- Tafeng Location in Hunan
- Coordinates: 25°22′39″N 112°12′12″E﻿ / ﻿25.37754641205909°N 112.20340228707467°E
- Country: People's Republic of China
- Province: Hunan
- County: Lanshan

Area
- • Total: 285.7 km^{2} (110.3 sq mi)

Population (2015)
- • Total: 150,800
- • Density: 527.8/km^{2} (1,367/sq mi)
- Time zone: UTC+8 (China Standard)
- Postal code: 4258XX
- Languages: Xiangnan Tuhua, Standard Chinese

= Tafeng =

Tafeng Town (塔峰镇 (tǎfēng zhèn)) is a town and the county seat of Lanshan County, Hunan, China. The town covers an area of 285.7 km2, as of November 2015, it has a population of 150,800. It is divided into 21 villages and 6 communities, and the seat of the town is at Gucheng Village.

==Geography==
Tafeng is located in the central Lanshan. It is bordered to the north by Nanshi (楠市) and Tushi (土市) townships, to the east by Taipingyu (太平圩) and Maojun (毛俊) towns, to the south by Jiangdong (浆洞) and Suocheng (所城) townships, to the west by Huiyuan (汇源), Litou (犁头) and Citangyu (祠堂圩) townships.

==History==
The modern-day Tafeng Town is the land of the historic Chengguan Town (城关镇), Gucheng Township (古城乡), Longxi Township (龙溪乡), Zhuguansi Township (竹管寺乡) and Zongshi Township (总市乡).

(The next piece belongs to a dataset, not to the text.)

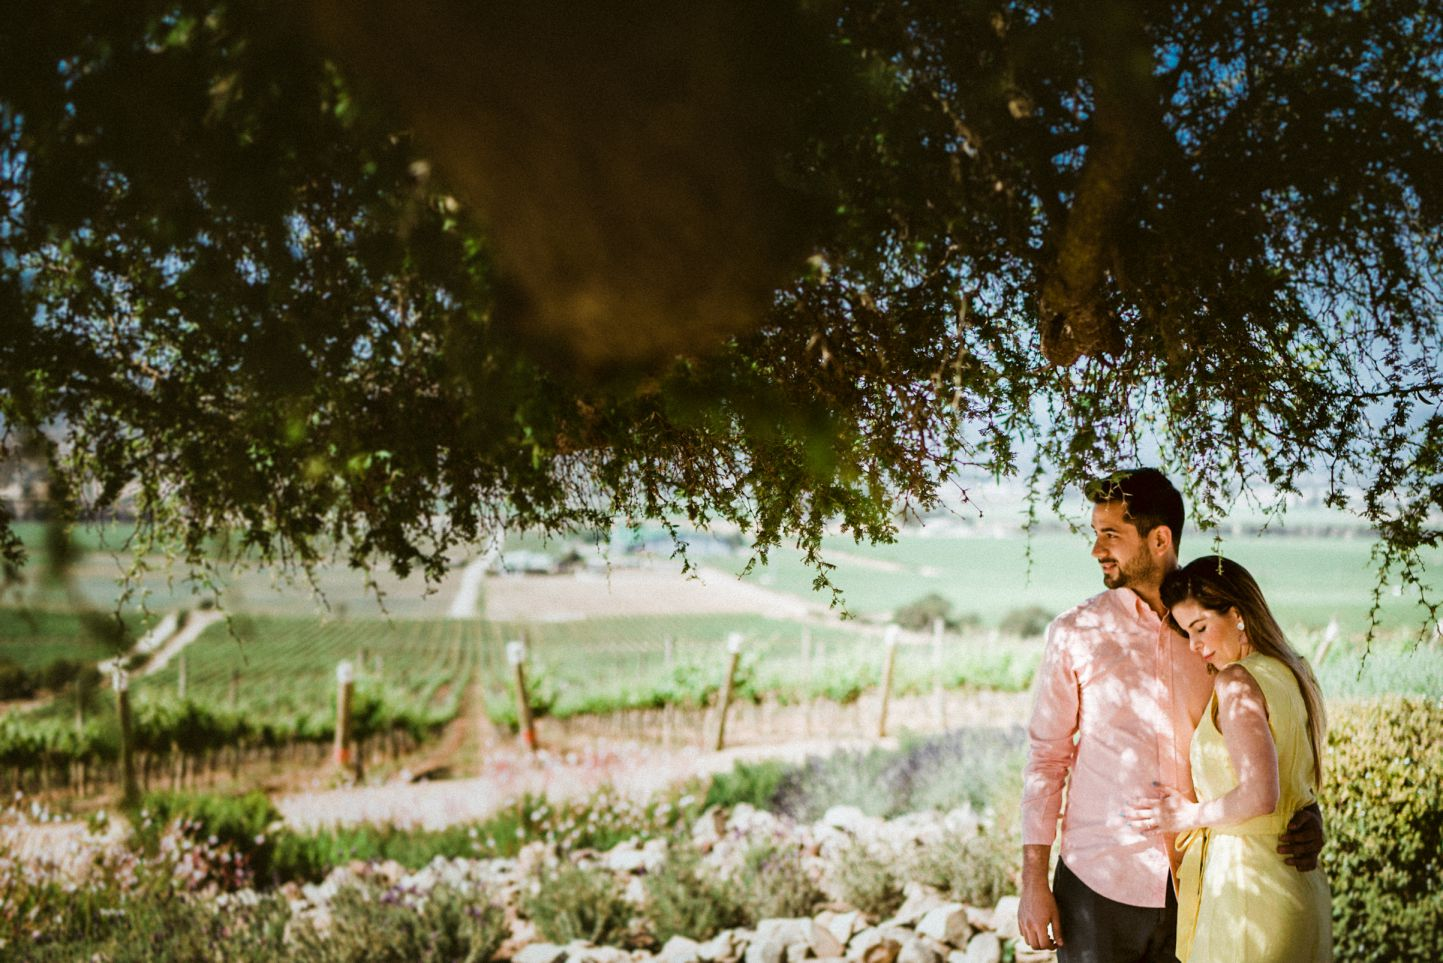 Viña casas del bosque - chile wineyard photoshot

The former Tafeng Town was part of the historic Zhengzhong Town (正中镇) in 1949, part of the historic Zhengzhong District (正中区) in 1950. The Chengguan Town was created from part of the historic Zhengzhong District in 1952. With establishing the Dongfeng People's Commune (东风人民公社), the Chengguan Town was merged with Gucheng (古城), Longxi (龙溪) and Huiyuan (汇源) three townships in 1958. The Chengguan Town was reformed in 1962, the Gucheng Towhship was merged to the Chengguan in 1987. The Longxi Township was merged into the Chengguan, meanwhile the Chengguan Town was renamed as Tafeng Town, Zongshi Township was merged to Zhuguansi Town (竹管寺镇) in June 1995. On November 18, 2015, the modern-day Tafeng Town was reformed by merging the former Zhuguansi Town, the former Tafeng Town and 21 villages of Maojun Town (毛俊镇).